## WHAT IS BEING ASKED
Go to the line below that has "Merrell mens sandals size 10 US", print it and each line after it exactly, and stop after the line that has "Une d coration"; leave out pictures.

## SOURCE DATA
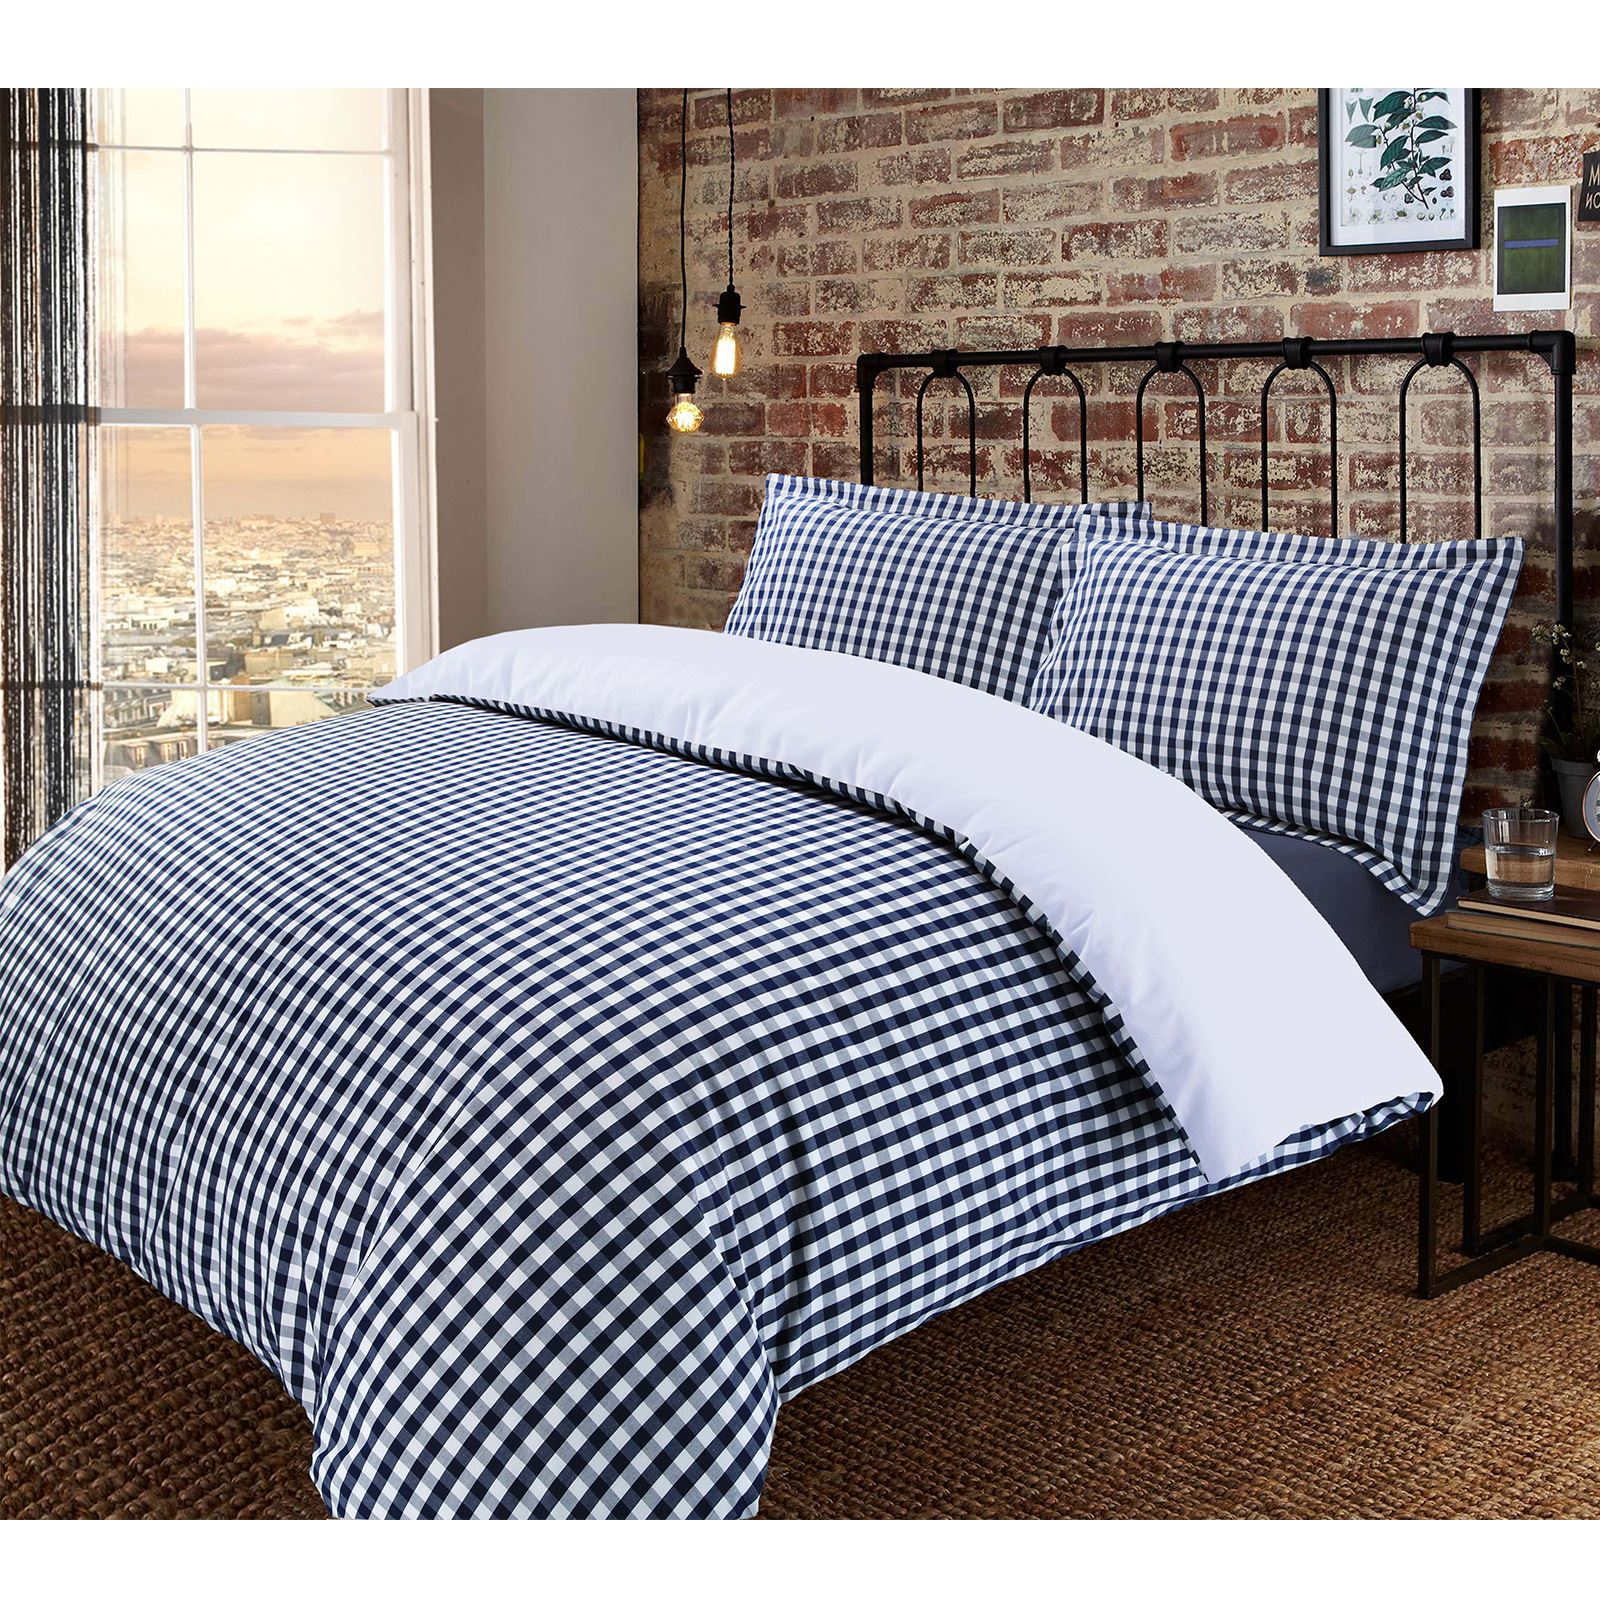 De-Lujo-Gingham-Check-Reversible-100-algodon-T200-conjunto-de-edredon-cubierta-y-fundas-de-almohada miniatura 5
--
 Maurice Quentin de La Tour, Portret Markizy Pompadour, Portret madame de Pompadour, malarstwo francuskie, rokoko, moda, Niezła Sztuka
* * *
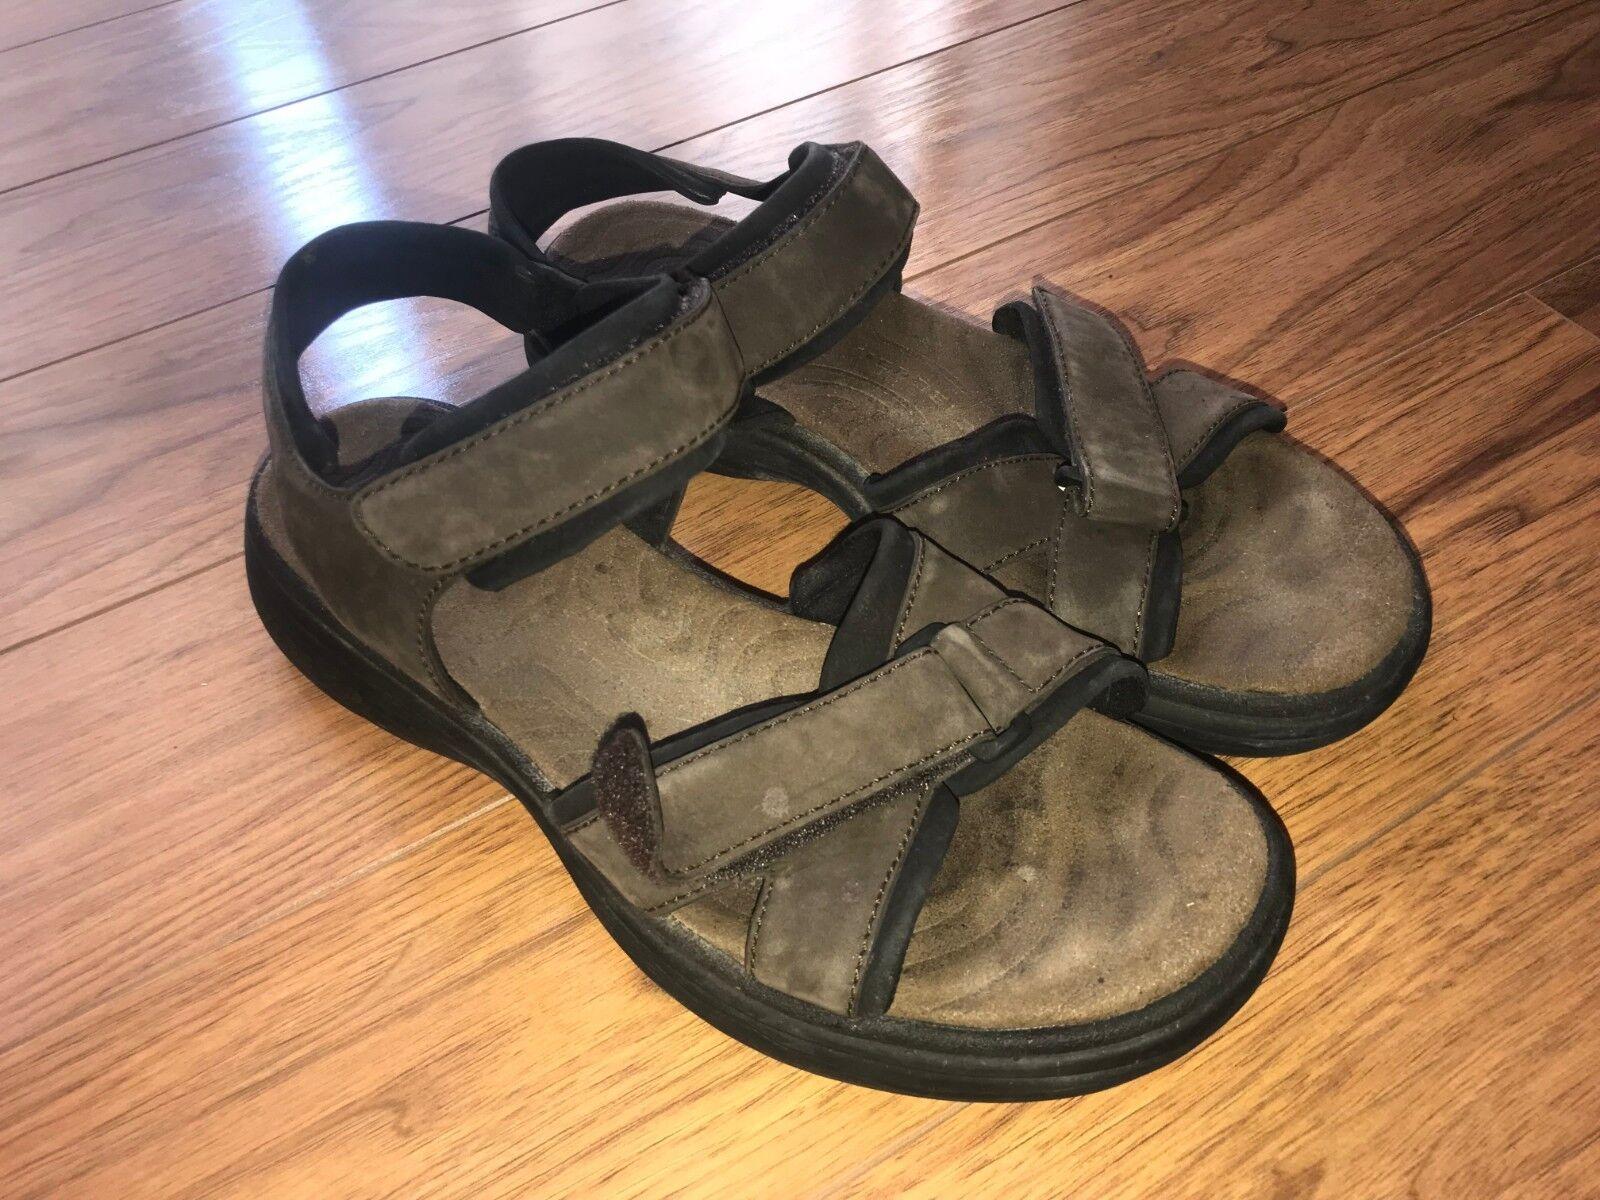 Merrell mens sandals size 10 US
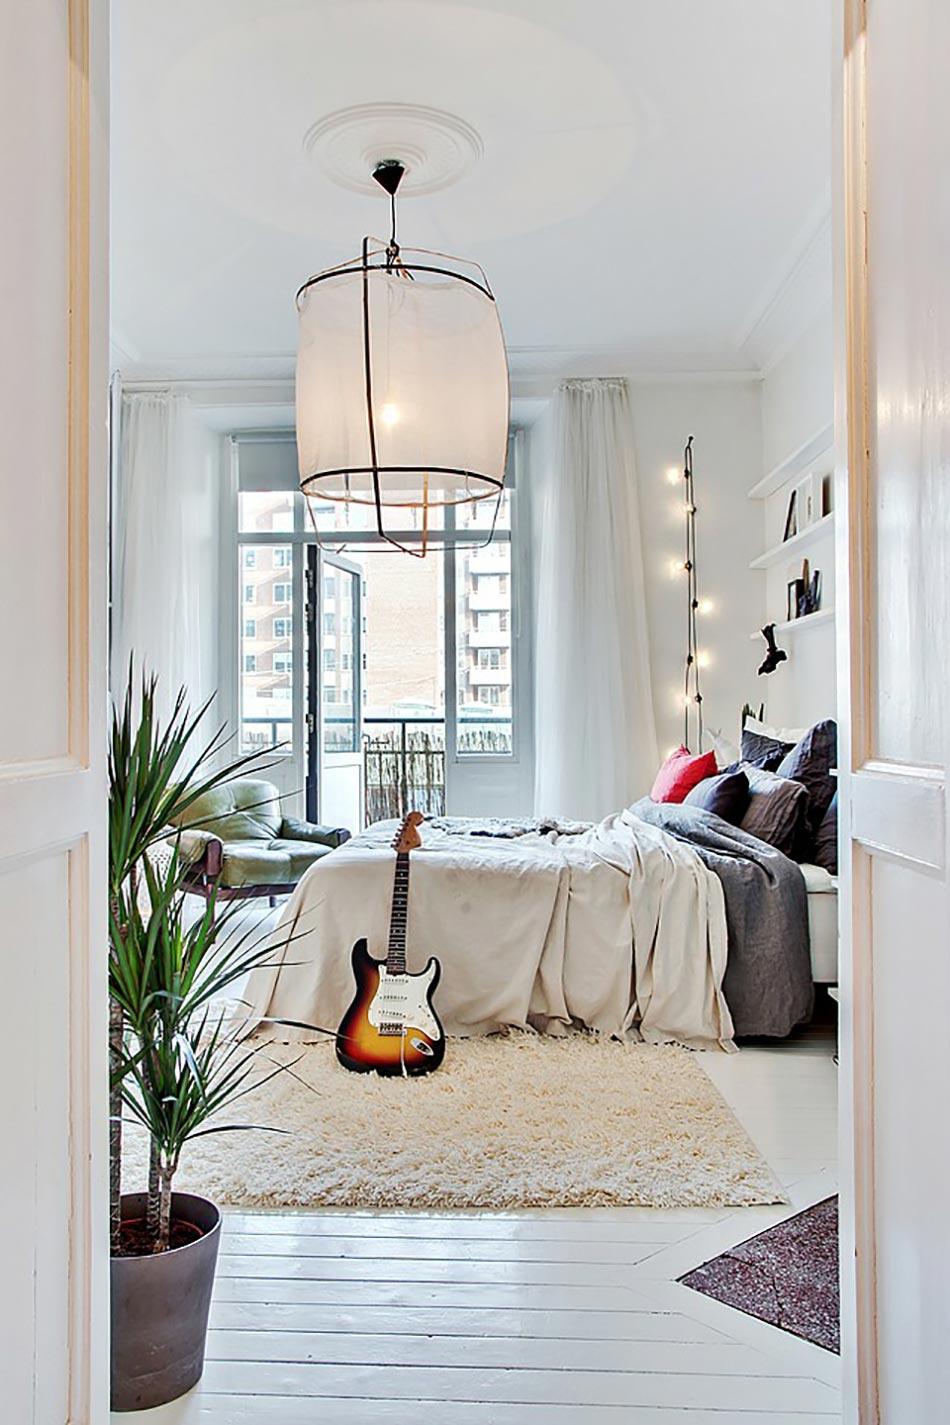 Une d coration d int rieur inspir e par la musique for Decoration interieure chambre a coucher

## EXERCISE RESULT
 Merrell mens sandals size 10 US
 Une d coration d int rieur inspir e par la musique for Decoration interieure chambre a coucher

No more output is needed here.